Abstract

Earthquakes and vertical land movements inferred from geodetic levelling results demonstrate that the Netherlands is situated on a tectonically active part of the Earth's surface. Tectonic subsidence analyses of the sedimentary records in the basins and the history of tectonic uplift inferred from Meuse river terraces show that the current tectonic activity is part of a deformation phase which began in the late Early Miocene, which we take as the start of the neotectonic period. The neotectonic faulting mode is normal-slip. This is in accordance with the present-day orientation of the maximum horizontal stress, and the vertical orientation of the maximum stress. However, the neotectonic fault zones are reactivated Variscan or older wrench faults. These faults have been reactivated repeatedly during the Mesozoic and Cenozoic in normal and wrenching modes, and therefore represent fundamental crustal weakness zones.
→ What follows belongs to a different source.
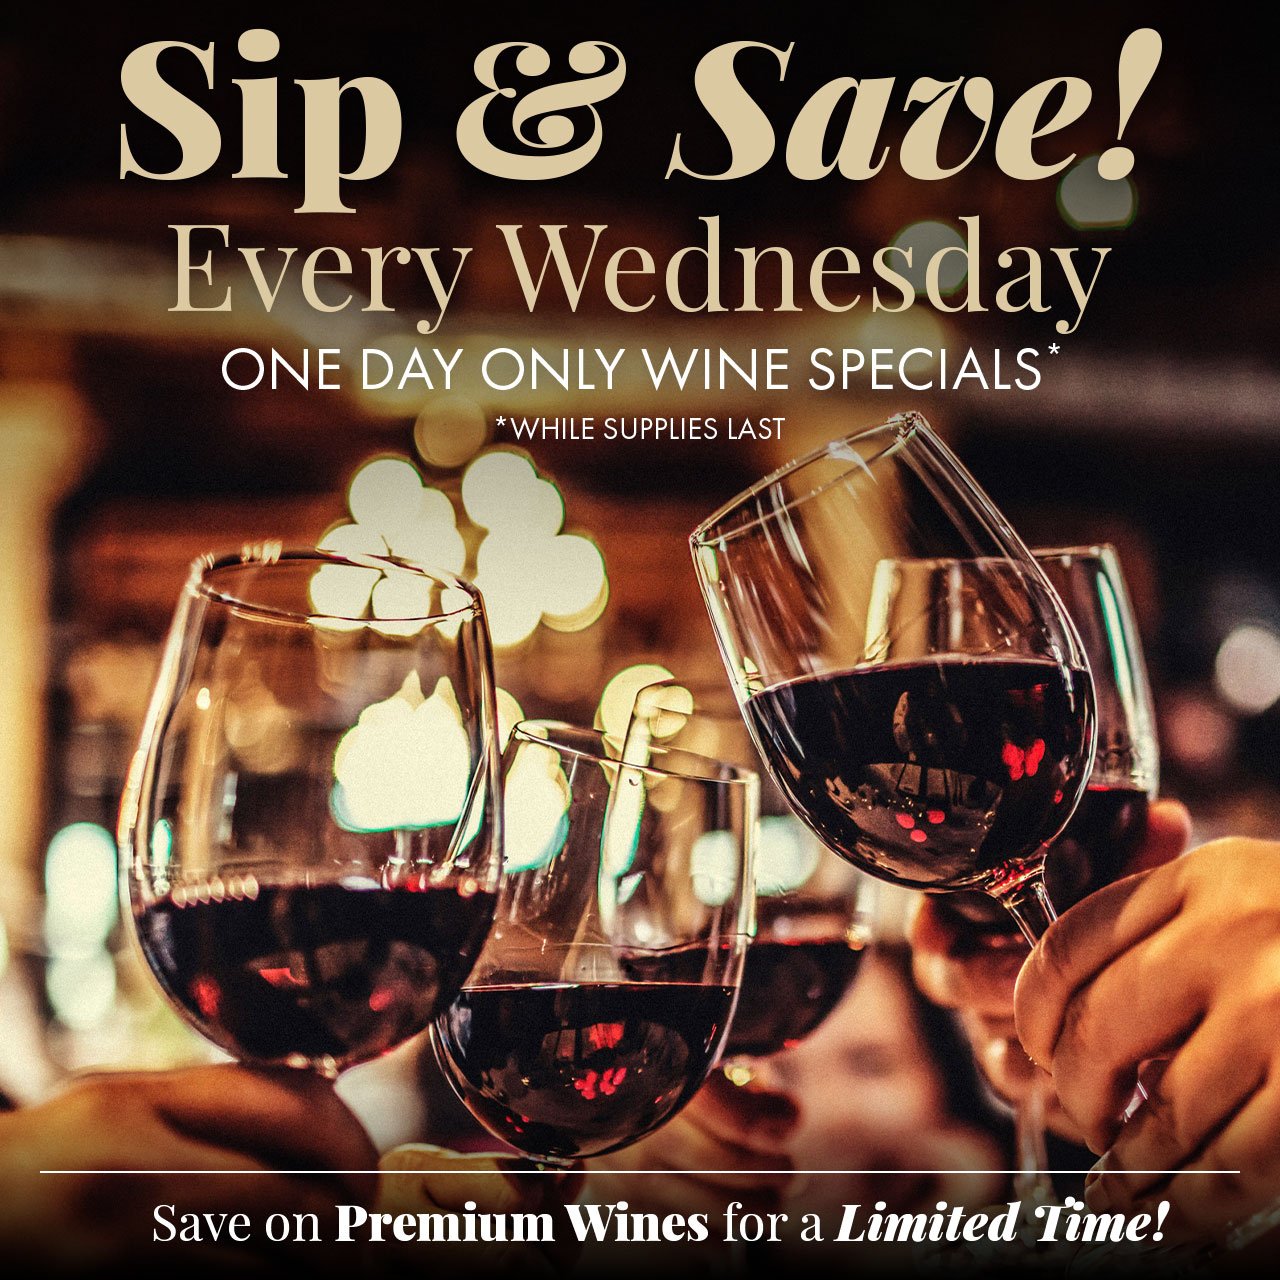 Sip & Save! Every Wednesday One Day Only Wine Specials* *While Supplies Last Save on Premium Wines for a Limited Time

As a result, the surficial neotectonic fault pattern resembles the inherited wrenching fault pattern, although the faulting mode is normal-slip. This is illustrated for the area where normal faults have displaced the Meuse fluvial terrace system in the southeastern part of the Netherlands. The neotectonic vertical motions in and around the Roer Valley Rift System have affected the courses of the Rhine and Meuse rivers from Pliocene times until the present. In addition, a fluvial terrace staircase developed along the Meuse river in response to the uplift of the Ardennes-Rhenish Massif and its foreland, for example near Maastricht. Furthermore, small fault scarps are present along segments of the bounding fault zones of the Roer Valley Graben: the Peel Boundary Fault Zone and the Feldbiss Fault Zone. In other parts of the Netherlands the neotectonic vertical motions have no direct expression in the morphology. Examples of possible indirect control on the morphology in these areas occur in glacial landscapes, the Zuiderzee Basin and the coastal zone.